— А вы все хлопочете?
— Что мне. Верчусь вот с утра, прости меня, грешную, как бес в рукомойнике. А ты уж не захворал ли — темно под глазами?
Сазонову не хотелось ничего объяснять. На какую-то минуту показалось, что в горле першило, голос осел, а тело странно потягивало. Он прокашлялся.
— Ерунда, просто не выспался.
— Жениться тебе, байбаку, надо, — сказала Марфа Никитична. — Свой род на земле каждый должен оставить. А так что? — пустоцвет ты, Сергей… — старуха произнесла это таким тоном, будто всерьез болела за продолжение рода человеческого.
— Женюсь, Марфа Никитична, — Сазонов загадочно посмотрел на нее: — Вот возьму и прямо сегодня женюсь.
Марфа Никитична подумала: женится Сергей Сазонов, получит казенную квартиру, и опять она останется одна. Ей вдруг стало грустно: жениться — это хорошо, а вот насчет рода, наверное, она сболтнула лишнее. Громыхнула кастрюлей и строго сказала:
— А мне что? Возьмешь с ветру, так и будешь каяться. Люди-то годами знают друг друга, прежде чем женятся, и то маются. Клад да жена, говорят, на счастливого. — Она поджала губы и круто переменила разговор: — Ну, что тебе, кофию, что ли, сварить? Заодно мне тут греметь ухватами-то.

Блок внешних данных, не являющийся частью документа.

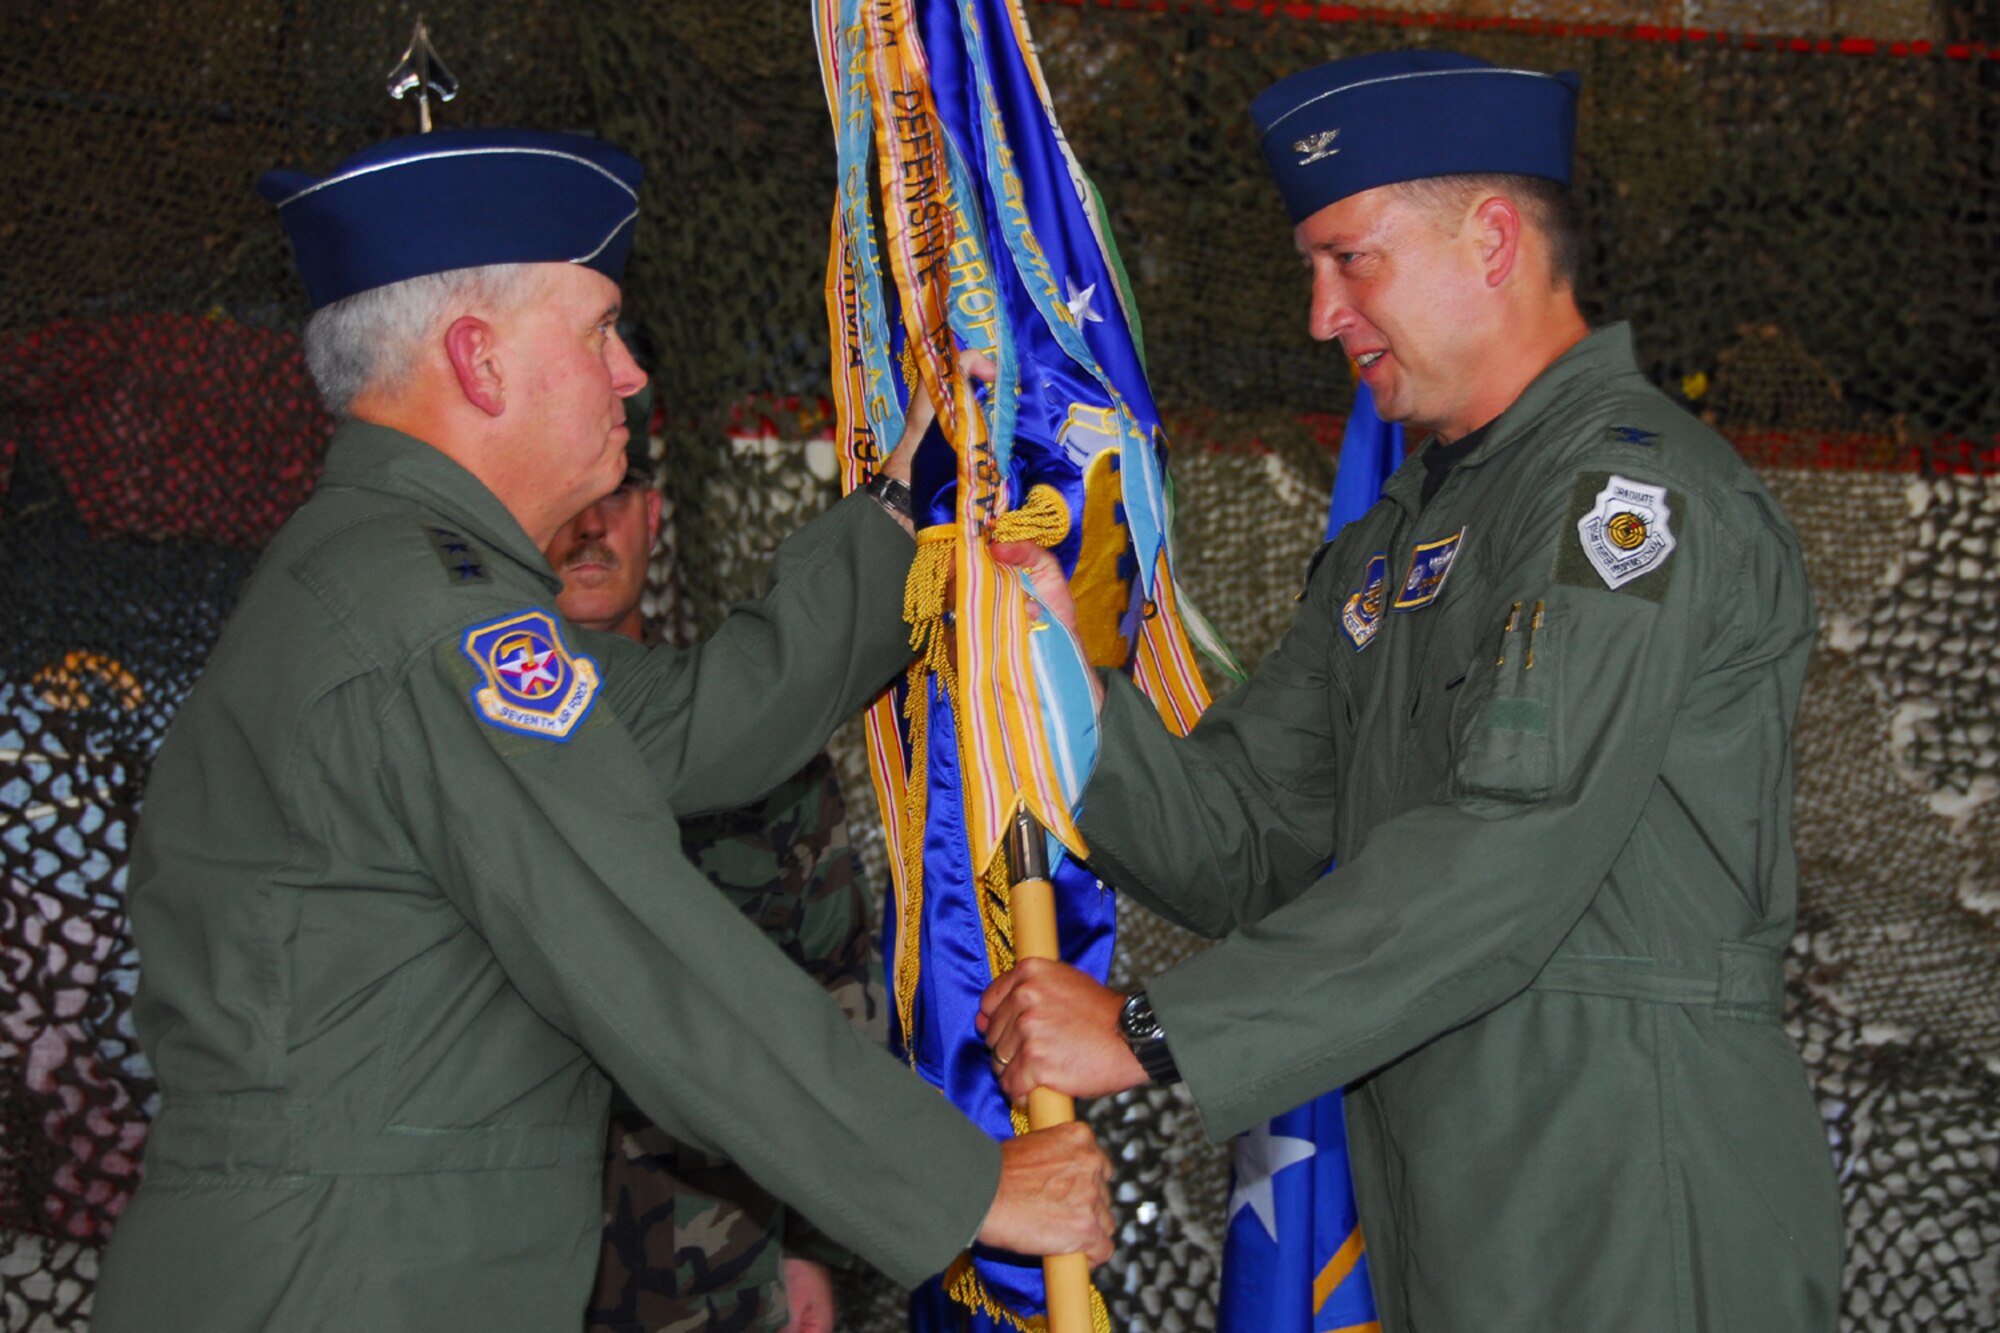 OSAN AIR BASE, Republic of Korea -- Lieutenant General Steven G. Wood, Commander 7th Air Force, passes the 51st Fighter Wing guidon to Colonel Jon Norman as he takes over as Commander of the 51st Fighter Wing during the change of command ceremony today.  (U.S. Air Force photo by Airman 1st Class Chad Strohmeyere)

— Да у вас и ухватов-то нет, — рассмеялся Сазонов.
— Та и беда, что нет ни ухвата, ни самовара. Чайку от души не попьешь.
Старуха окончательно рассердилась. Сазонов взял бритву, пощелкал ею по ремню и, пробуя острие, осторожно прикоснулся лезвием к волосам на затылке. Нагибаясь над маленьким зеркалом, в котором отражались щека да скошенный глаз, осторожничал: сегодня он опасался пореза. Бритва слегка звенела, оставляла щекочущую легкость на коже.

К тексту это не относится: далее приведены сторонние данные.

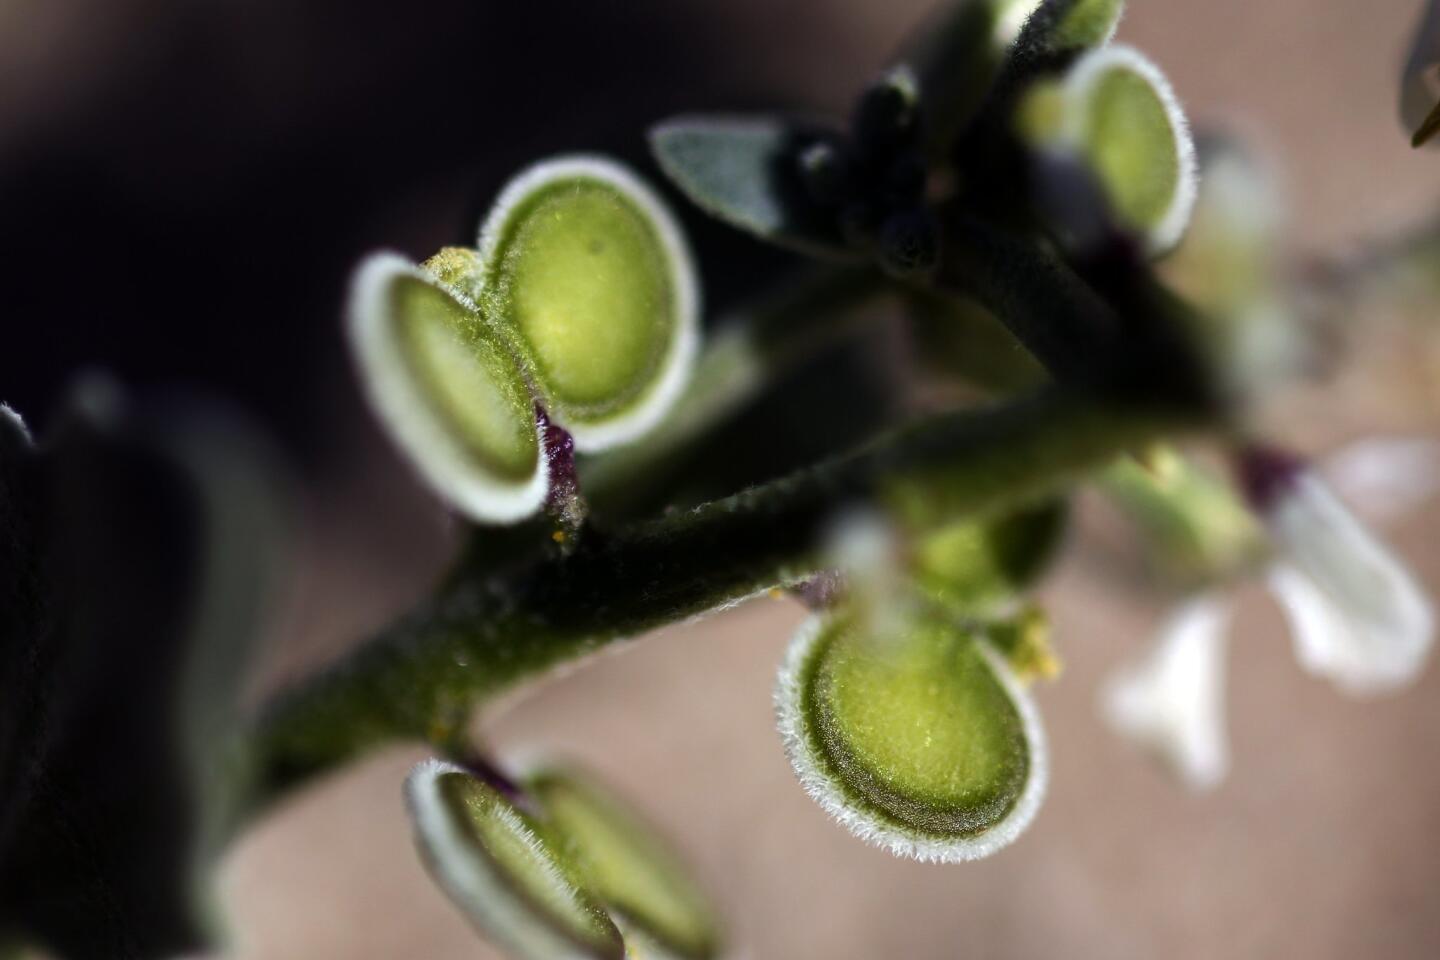 The Spectacle Pod (Dithyrea californica) is just one of the amazing, little plants found during the bloom in the Anza-Borrego Desert State Park.

— Ты, никак, пировать нынче собрался?
— Это почему?
— В голбец лазила, так видела под лестницей…
— Да нет. Подруга должна заглянуть.
Марфа Никитична посмотрела искоса:
— Подруга. Не очень-то подружкам поддавайся. Они стали вострыми: враз окрутят — не заметишь. А потом кусай локоть. Ты лучше жену ищи. Жену!..
— Как-нибудь! — успокоил Марфу Никитичну Сазонов и стал тщательно добриваться.

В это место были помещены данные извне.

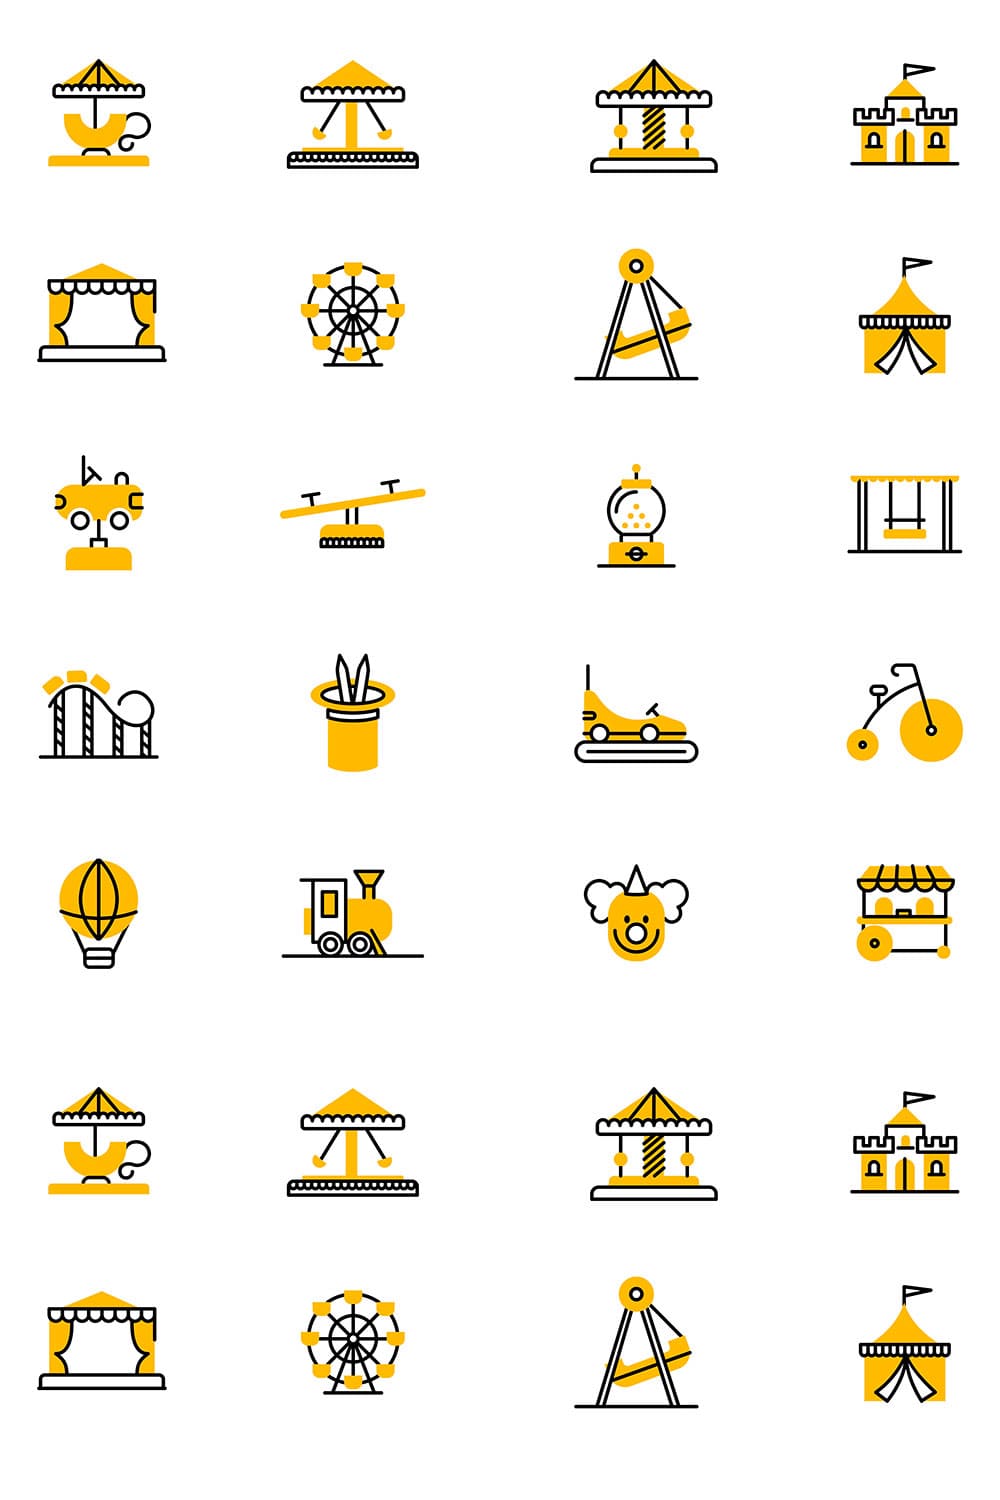 20 amusement circus icons set, picture for pinterest.

Хозяйка, отзвенев посудой, ушла в магазины, а Сазонов, надев пижаму, с опаской разглядывал до шелкового блеска доношенные брюки. Ломкая стрелка не заутюживалась: сразу после утюга брюки опять начинали пухнуть на коленях, и Сазонов с поздней расчетливостью холостяка стал относиться к ним с особой осторожностью.
Он тщательно обрезал бахрому обившейся щетинки, включил утюг, грустно раздумывая, что брюки почему-то изнашиваются удивительно быстро и вот опять надо покупать новые. Услышав громкий незнакомый стук в дверь, вздрогнул: «Приехала!..» и, забыв, что брюки в руках, бросился открывать дверь.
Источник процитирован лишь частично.